**Problem description**
Starting with the line with "F1 Schedule 2019" in the entries below and going on through the line with "South First Grade Supply List", output every line exactly and nothing more. No pictures.

**Material shown**
<<<<

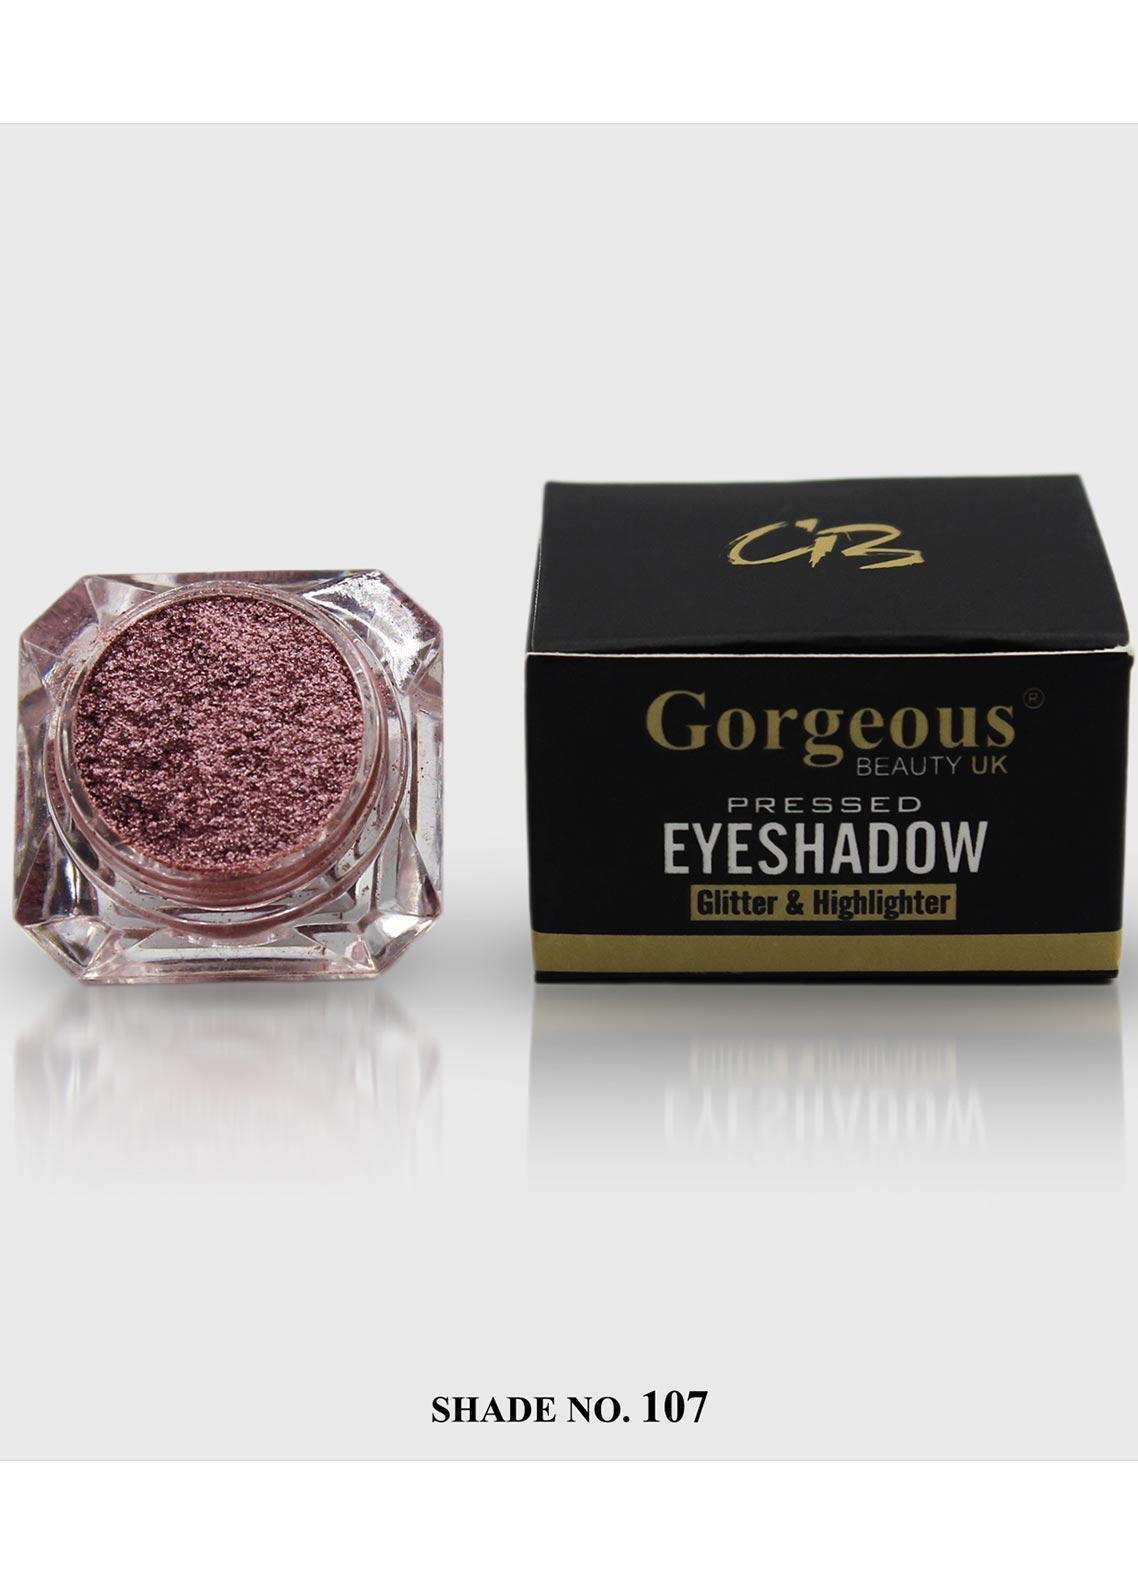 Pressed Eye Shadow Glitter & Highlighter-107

>>>>
<<<<

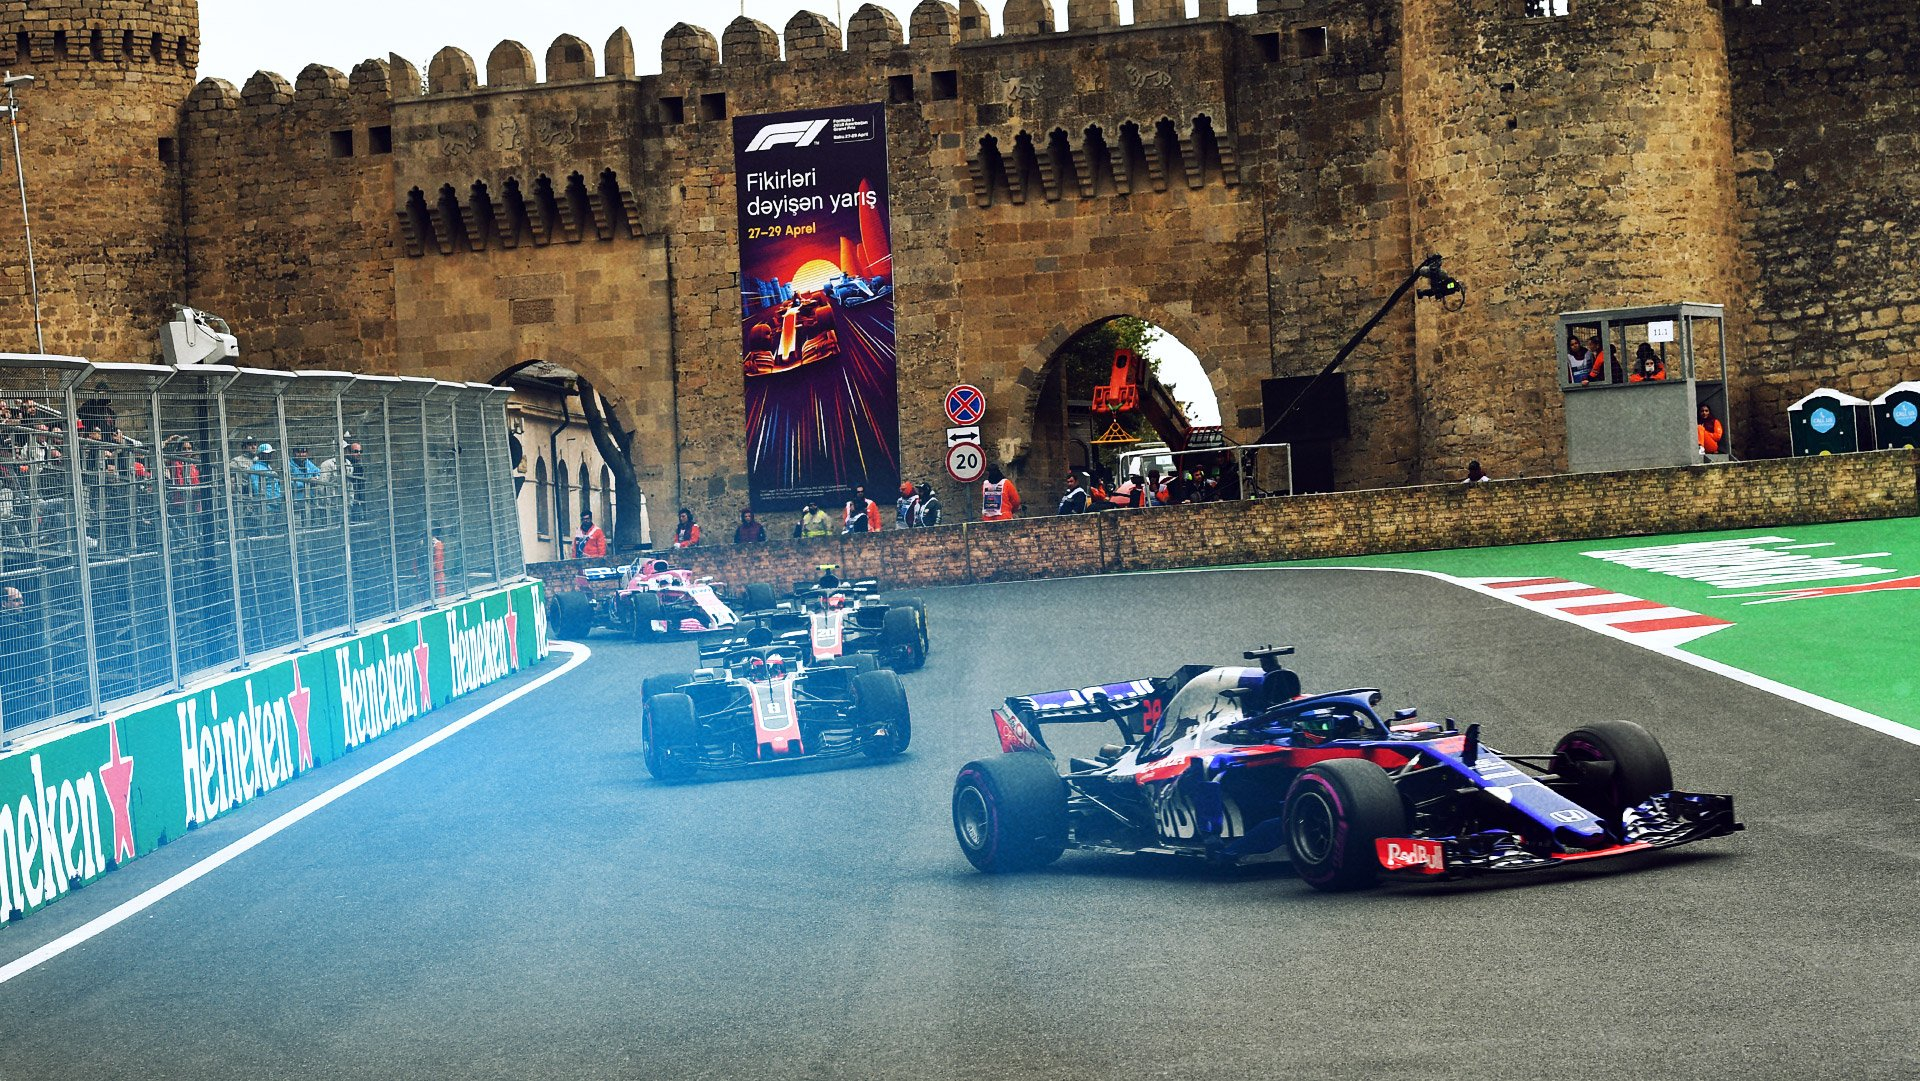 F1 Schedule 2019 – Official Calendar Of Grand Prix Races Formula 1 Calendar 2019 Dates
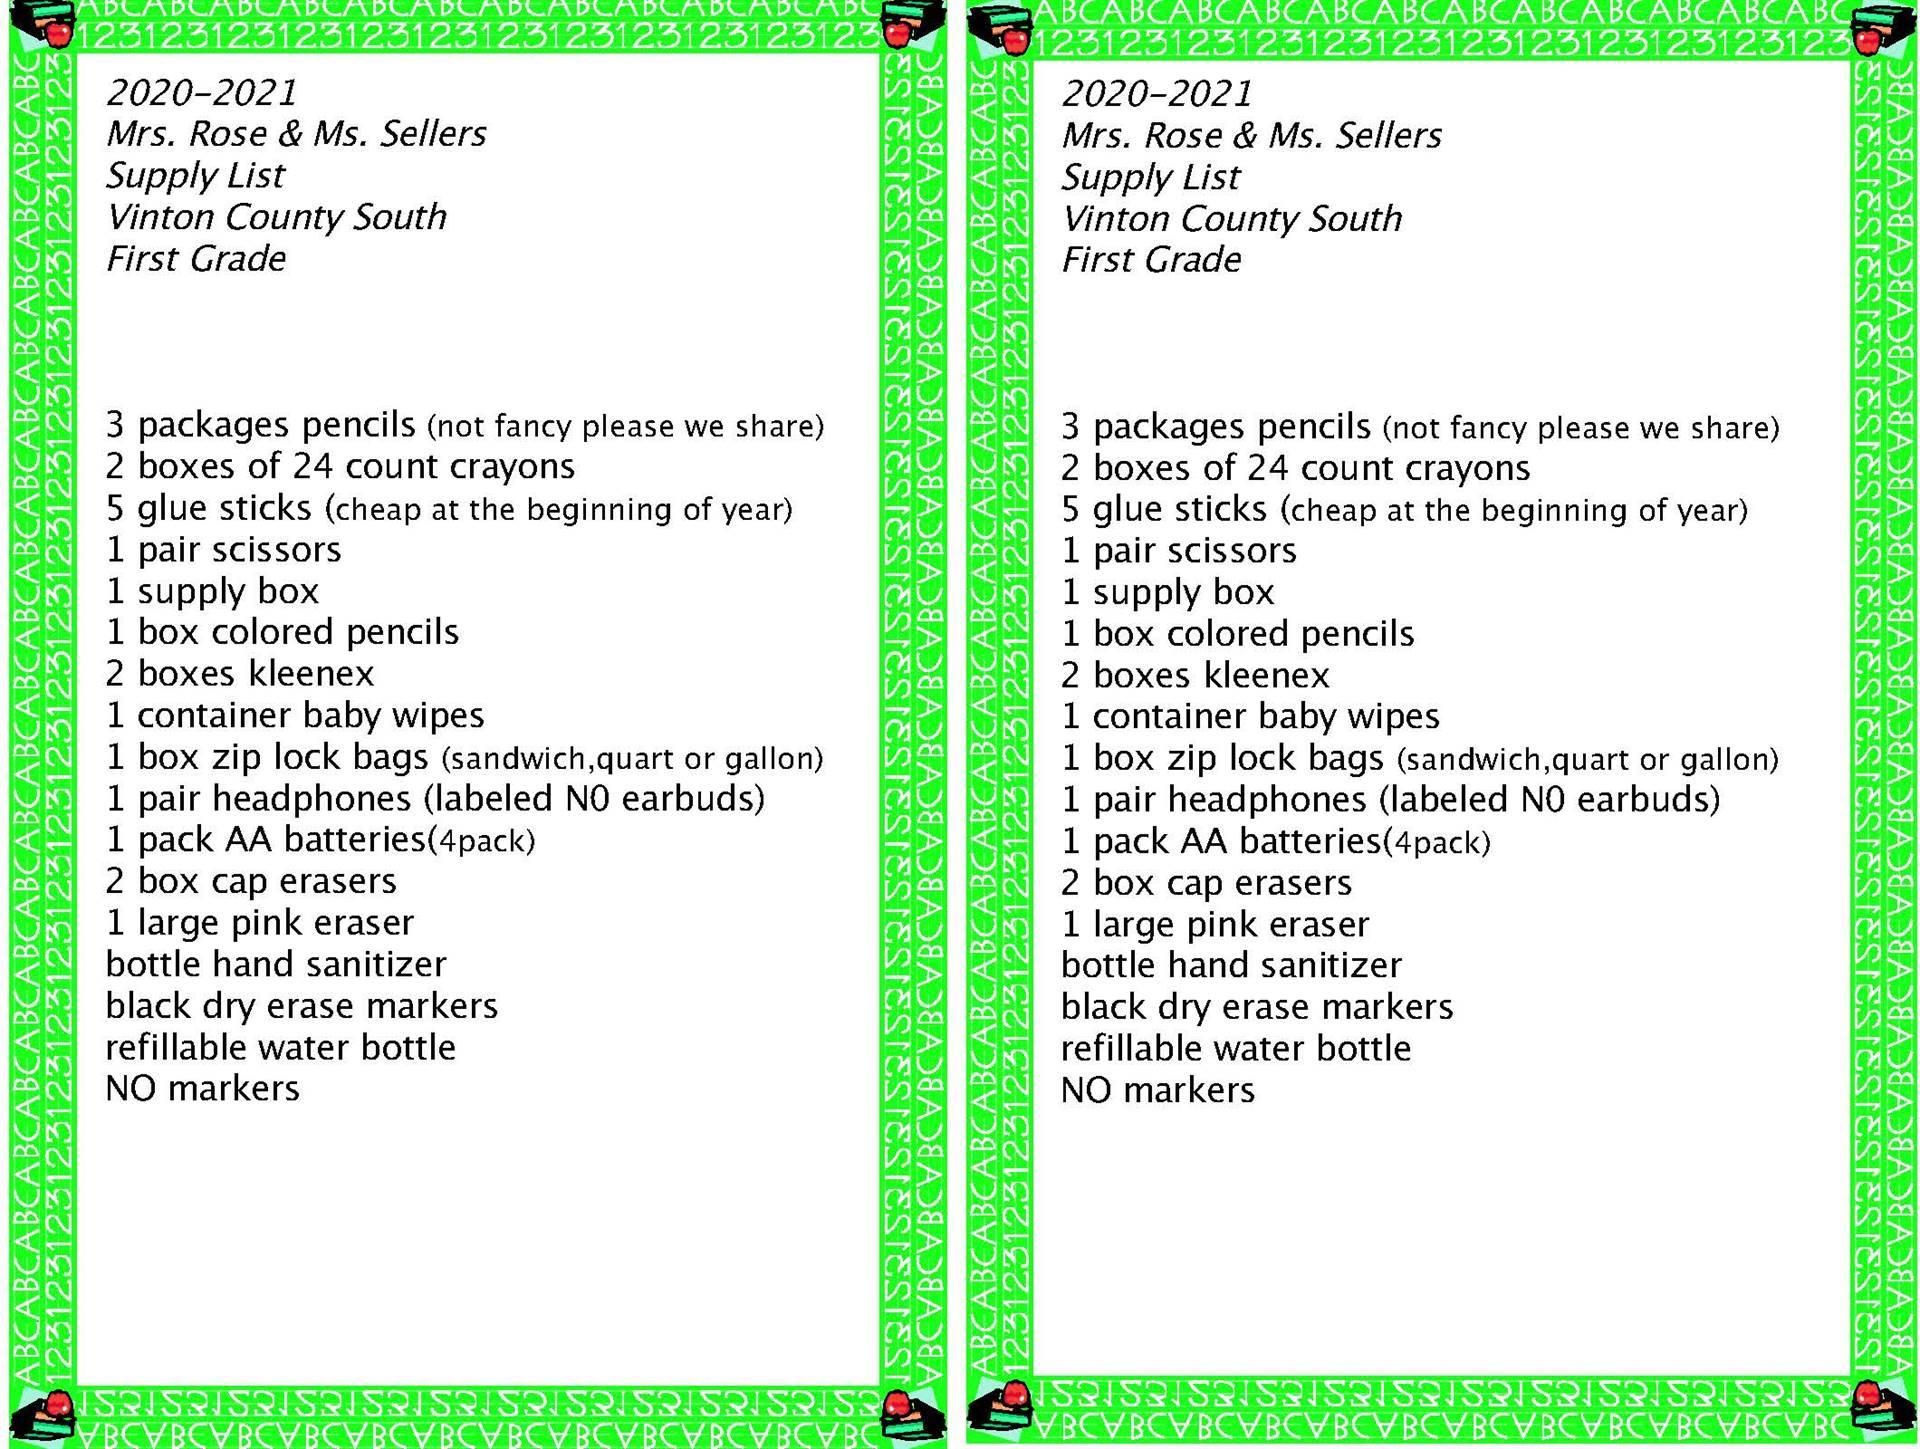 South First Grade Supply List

>>>>

**Result of this task**
 F1 Schedule 2019 – Official Calendar Of Grand Prix Races Formula 1 Calendar 2019 Dates
 South First Grade Supply List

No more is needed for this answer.